David Jonathan Ross's picture

Sebastian: Oooh...I like that first one especially. Yeah it doesn't have the terminal, but I was looking for ways to bring more of a sans serif feel out (so that it doesn't start to look like a serif that's just missing serifs), and that might be a good start. But, you're right, that if I wanted to put a terminal there, I'd have to round it out a bit.

I forgot to mention: the i should definitely have a bottom serif, I don't know what I was thinking.

I'm going to be working on getting a new specimen up with some of the suggestions that you all have made, focusing mostly on curve tension, my handling of serifs, and that pesky g.

Again, thanks.

David

David Jonathan Ross's picture

So I've finally gotten around to incorporating your suggestions on this semi-serif face (still unnamed). A pdf is up top in the original post. It's been a while I know; I've been letting this font simmer while focusing on other projects.

I tried to fix the curves up a bit, but things still seemed a little tense. In the old version, the stems were vertical, and to me the serifs made them optically lean back a touch, adding to its stiffness. In this version, I've tried compensating for that by giving it a little tilt. Let me know if you think it works.

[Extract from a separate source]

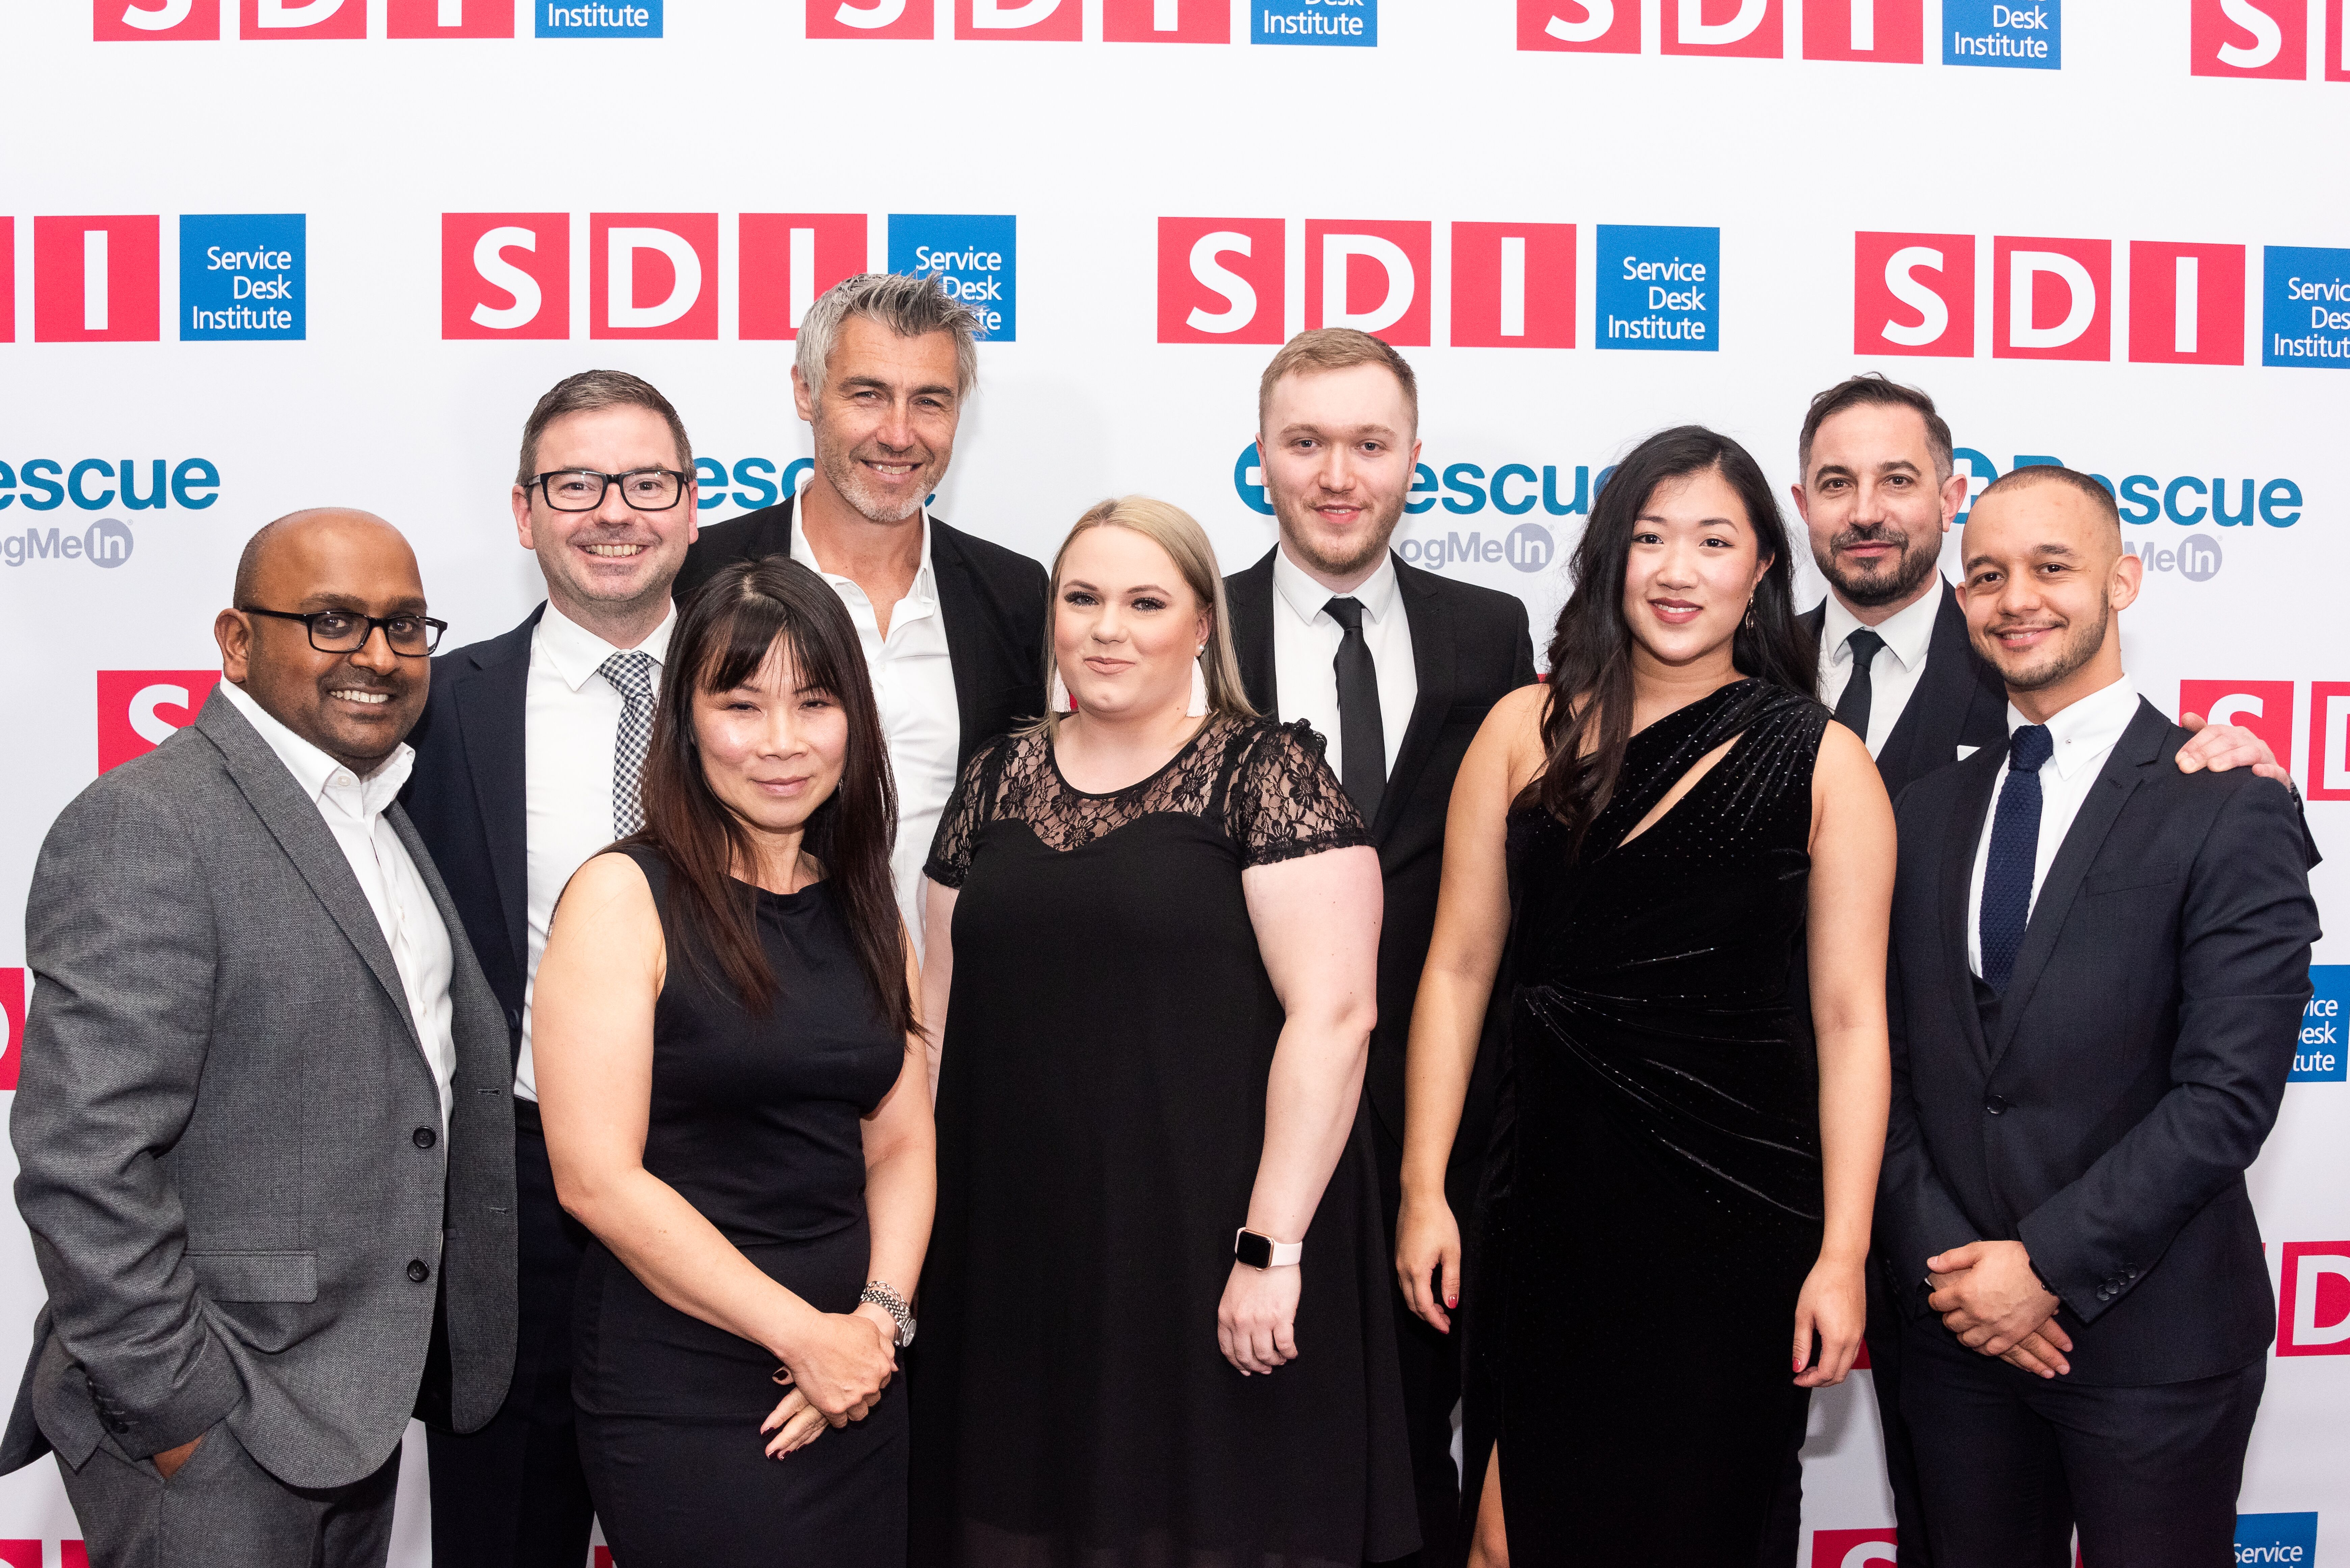 Support Tree are SDI Best Small Enterprise MSP finalists!

I couldn't get bilateral serifs on the single-stemmed letters to work; it impeded the rhythm too much. I did work a lot with the lc g, using Sebastian's examples as a guide (thank you again Sebastian for your work on those).

I'm excited to see what people think of the changes, and of course to get any general comments on the design. I'm also curious to hear if people would ever use this font if it were fully developed, and if so, what size and treatment you think it is best suited for.

Much appreciated,

David

brampitoyo's picture

From a quick glance:

How about moving the bottom serif of f to face left, and eliminate the one on r? I know it's not exactly consistent, but I'd like to avoid both letters from falling over.

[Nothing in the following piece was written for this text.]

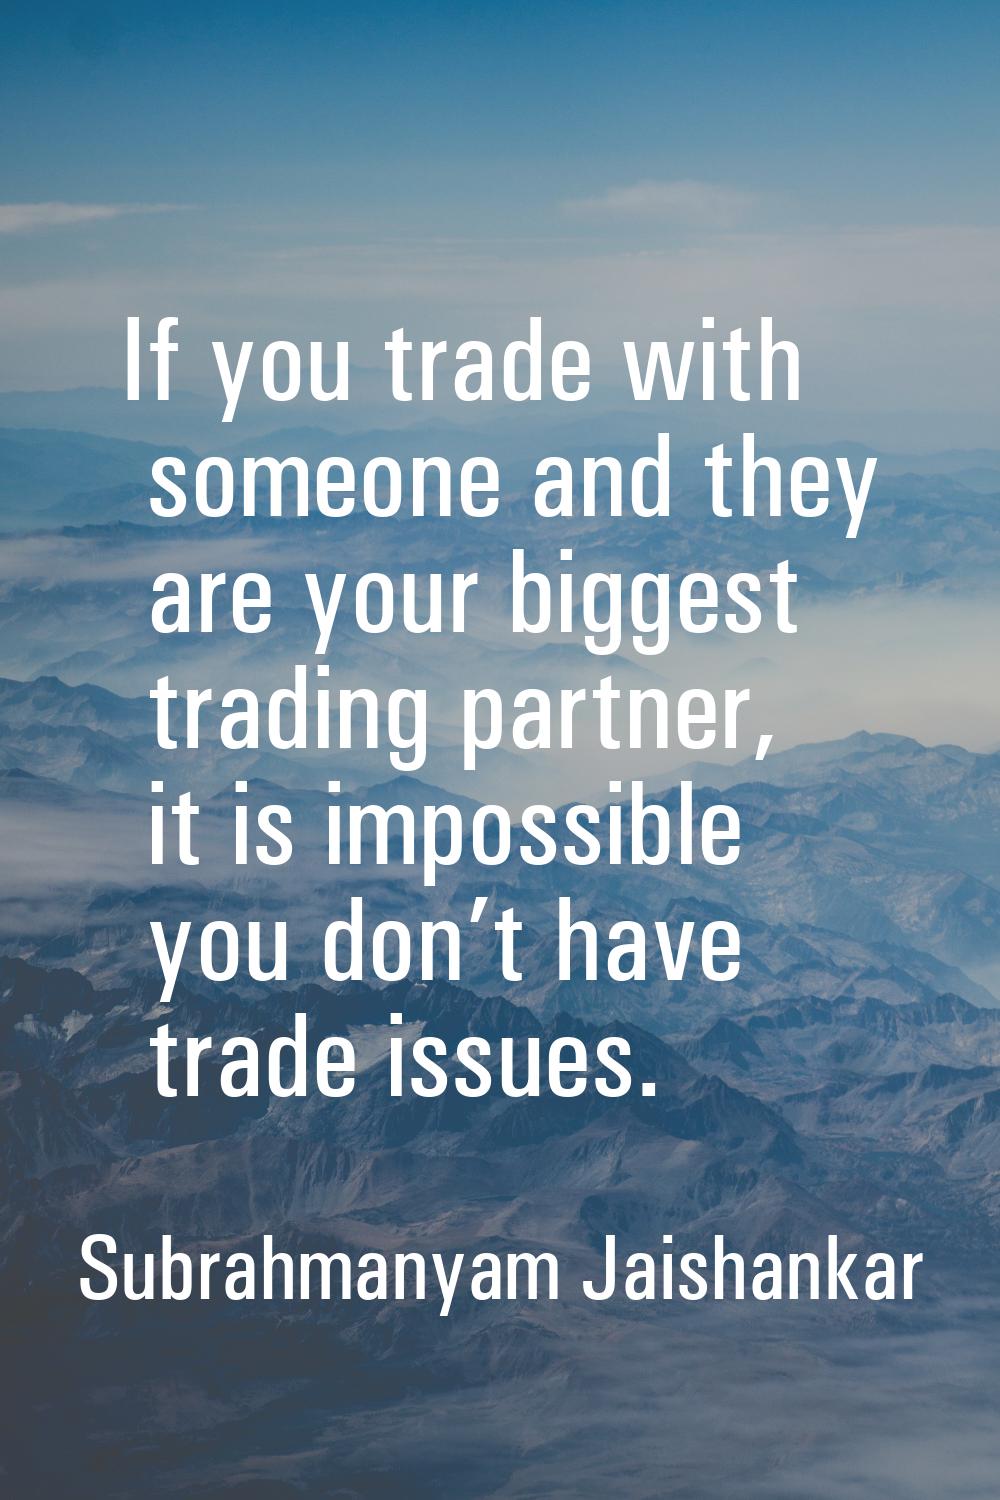 If you trade with someone and they are your biggest trading partner, it is impossible you don’t hav

Otherwise, I like the overall refinement of the design. I do have to agree that it still felt kind of stiff, though.

More explanations are due tomorrow. I'm way too tired right now :)

David Jonathan Ross's picture

Thanks, Bram. The r and the f have always felt unbalanced, and I was futzing a lot with them to try to make them work. I don't know about you, but they don't bother me too much in the text, but at larger sizes they definitely sticks out. Here's what I did real quickly:

I think the r still looks out of place, but I don't mind the inconsistency in the f as much as I thought I would. I also tried a descending f out for fun. Is this kind of what you were thinking of?

As far as the tense issue goes, do you have any suggestions on how I could get rid of it? I'm thinking the best way would be to just redraw the letters.

David

brampitoyo's picture

To tell you the truth, I never actually printed your specimen, so my analysis wasn't exactly done in full justice.

That two-storey f was a nice idea. I would reduce the space between the f's by a touch, though.

About the stiffness, my theory is that the strong vertical stroke, when coupled with the Swift-like slabs on a, c, e, f, etc. (this is not your bottom slabs which I like), might have something to do with it. My suggestion is to move your pen angle to the side and tone the slabs down a little bit.

Beyond that, ask Typophile's many experts :)

Anyways, below is two hastily done pen-tool tracing of your f to illustrate my points. It's too wide, so I'm afraid you have to scroll right too see it in full-size.

brampitoyo's picture

I meant the upper half of your f, sorry for the mix-up.

David Jonathan Ross's picture

I like the terminal you've made for me quite a bit, Bram. Cutting it at an angle makes the form less rigid and mechanical, and that slabby-wedge shape is more graceful than the thick square that I was using.

As far as tilting the pen angle goes, I think it's worth a shot. It may take a little time to implement, though, so don't hold your breath. Some diagonal cuts and subtle curves would help this design chill out a little. I don't want to lose too much of that stark verticality, though; I may be wrong, but I think that's what gives it some personality.

This is exactly the kind of stuff I'm looking for, and I am very grateful for your help.